For me, photographs evoke emotion, spur curiosity, and promote questions. I decided the first way to immerse myself in Maria’s story was through images. I began with Google Images and Getty Images. I typed in Pakistan, Pashtun, Taliban and squash. I noted the landscape, the houses, the people, and their expressions. Viewing photographs stimulates a part of the brain that controls empathy and helps us identify with and imagine another’s point of view—exactly what I wanted to do!
My stomach turned hard as a knot when I poured over photographs of the Taliban. Family photos of Maria as a child verified that she indeed presented herself a boy. I looked at the concrete walls around her home. I too was a tomboy when I was young and imagined the frustration I’d feel if forced inside while the boys enjoyed freedom. I imagined the feelings of jealousy and claustrophobia. Images of Maria playing squash exuded strength and determination. Wow! I recalled the fast-paced game racquetball I played as a teen. I archived the most useful sources and put them aside to share with my illustrator. Without fail, these photographs led to more research…

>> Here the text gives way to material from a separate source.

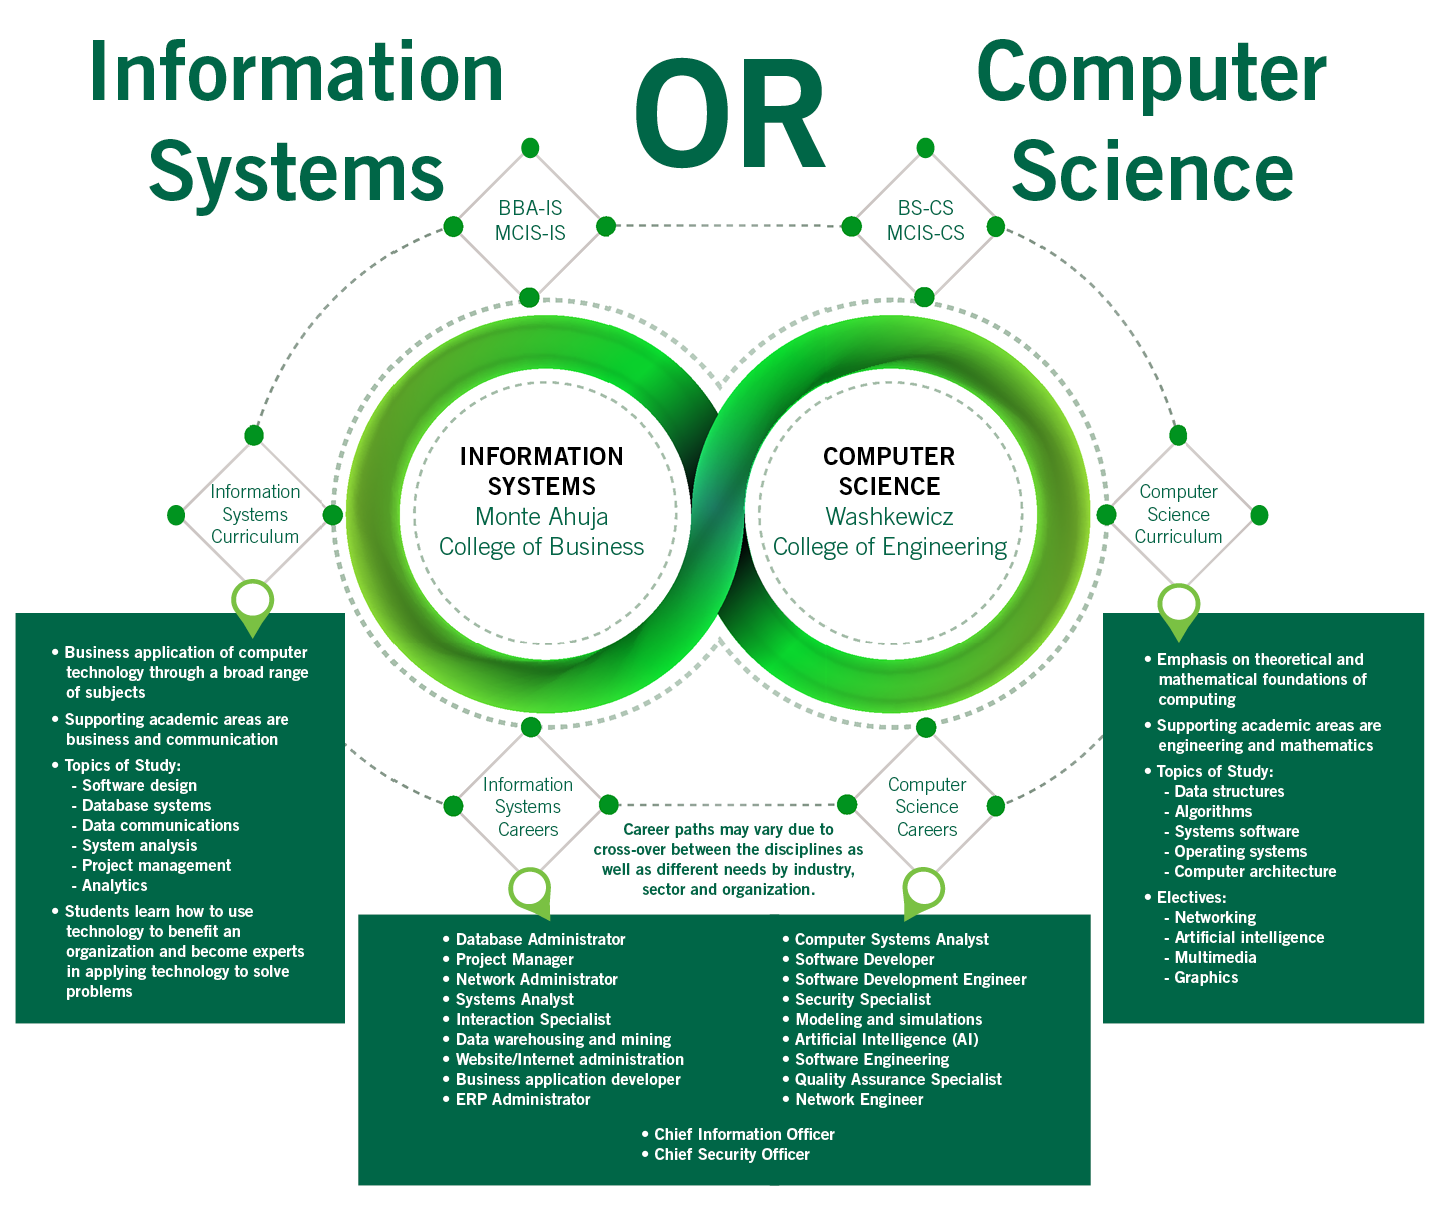 Computer Information Science or Information Systems?

I read, wrote, and revised. I studied Maria’s book, A Different Kind of Daughter: The Girl Who Hid from the Taliban in Plain Sight.
After teaming up with Sterling Children’s Books, I learned that they chose Shehzil Malik to illustrate. How fortuitous to partner with a Pakistani illustrator with an interest in social change. She understood life in Pakistan firsthand. Unfortunately, I was unable to connect with Maria Toorpakai, but I hoped Shehzil would catch any cultural errors I made unknowingly.

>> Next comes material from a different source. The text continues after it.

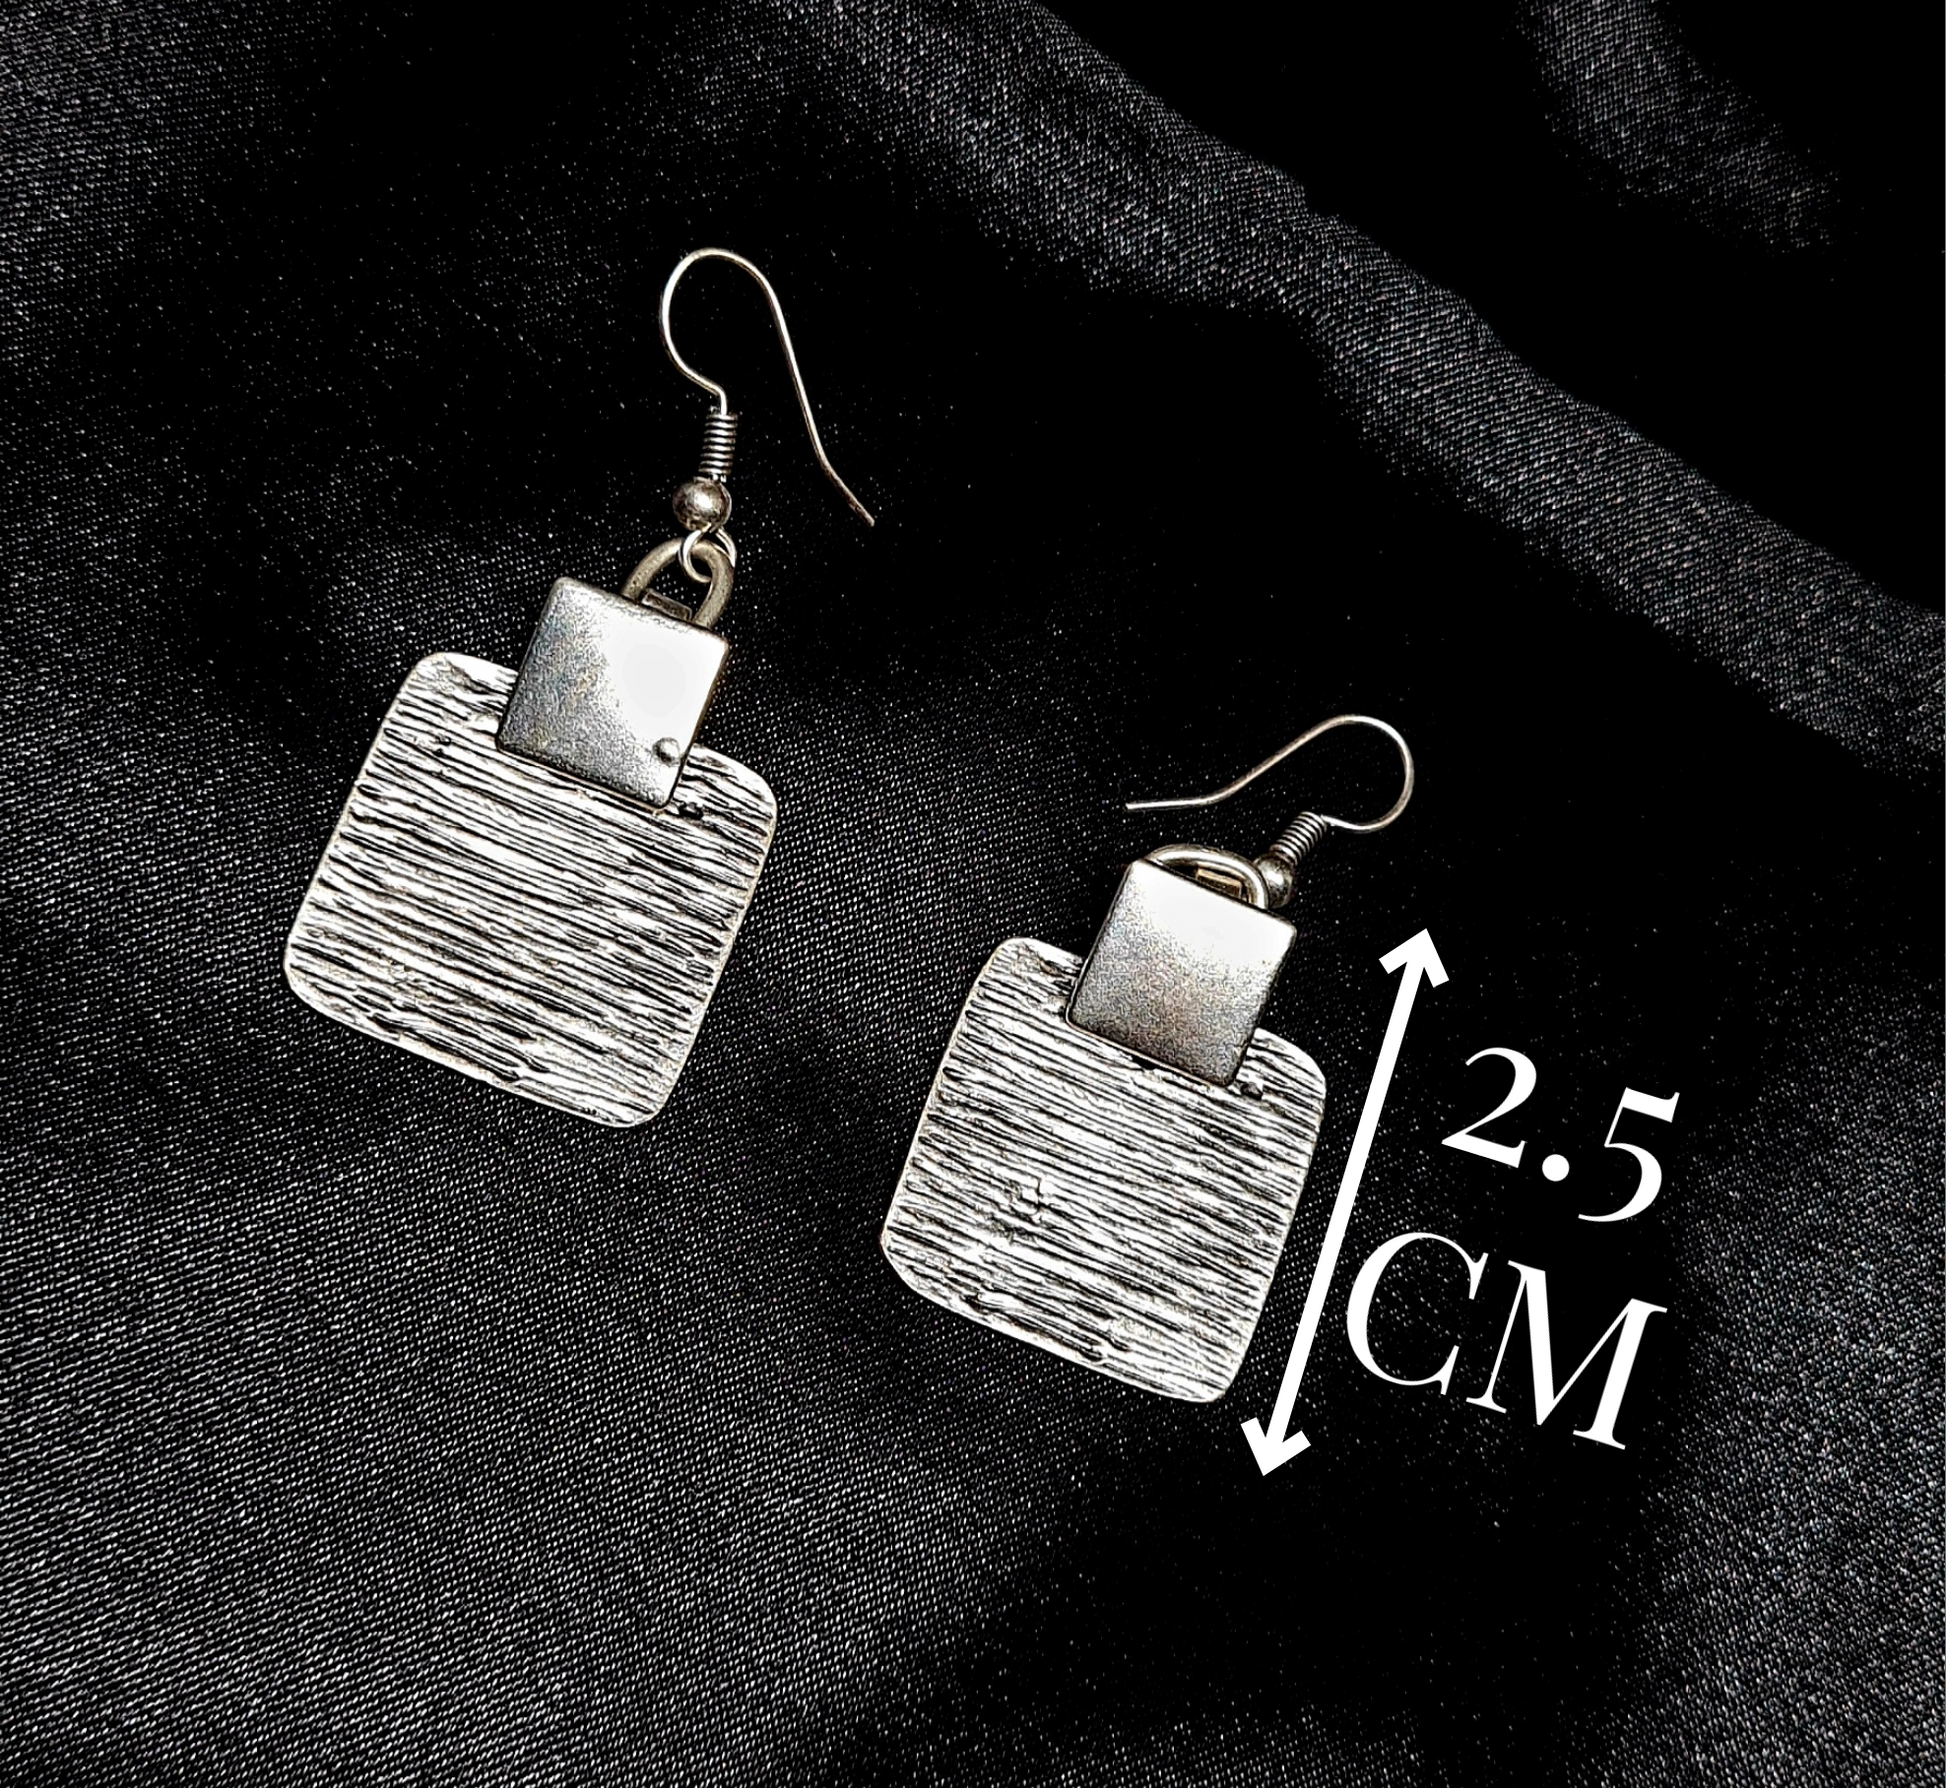 Calista Silver Earrings a delicate design and exceptional craftsmanship.

During the illustration process, I realized how important communication between the author and illustrator is. For example, my text reads, “One day she came upon a group of men playing volleyball.” Shehzil drew players in athletic wear. Uh oh. I sent a reference photo through my editor and Shehzil know that these men were not dressed in uniforms, but dressed in white shalwar kameez. I’m thankful to my editor for allowing me to review the illustrations and make notes. Shehzil’s magnificent artwork brought our book to life!
As for writing advice, I agree with author Nathan Englander. “I think what’s behind ‘write what you know’ is emotion.” I believe if a story touches your heart, if you recognize the feelings, then maybe you should explore it.
*On using photography for research and how to read photographs, check out the following links:
- http://pulitzercenter.org/builder/lesson/taking-and-selecting-pictures-visualize-global-issues-23663 and
- This article explains more about how photography stimulates the brain and helps us identify with and imagine another’s point of view, http://petapixel.com/2014/10/25/photography-feelings-others-mirroring-emotions-theory-mind/.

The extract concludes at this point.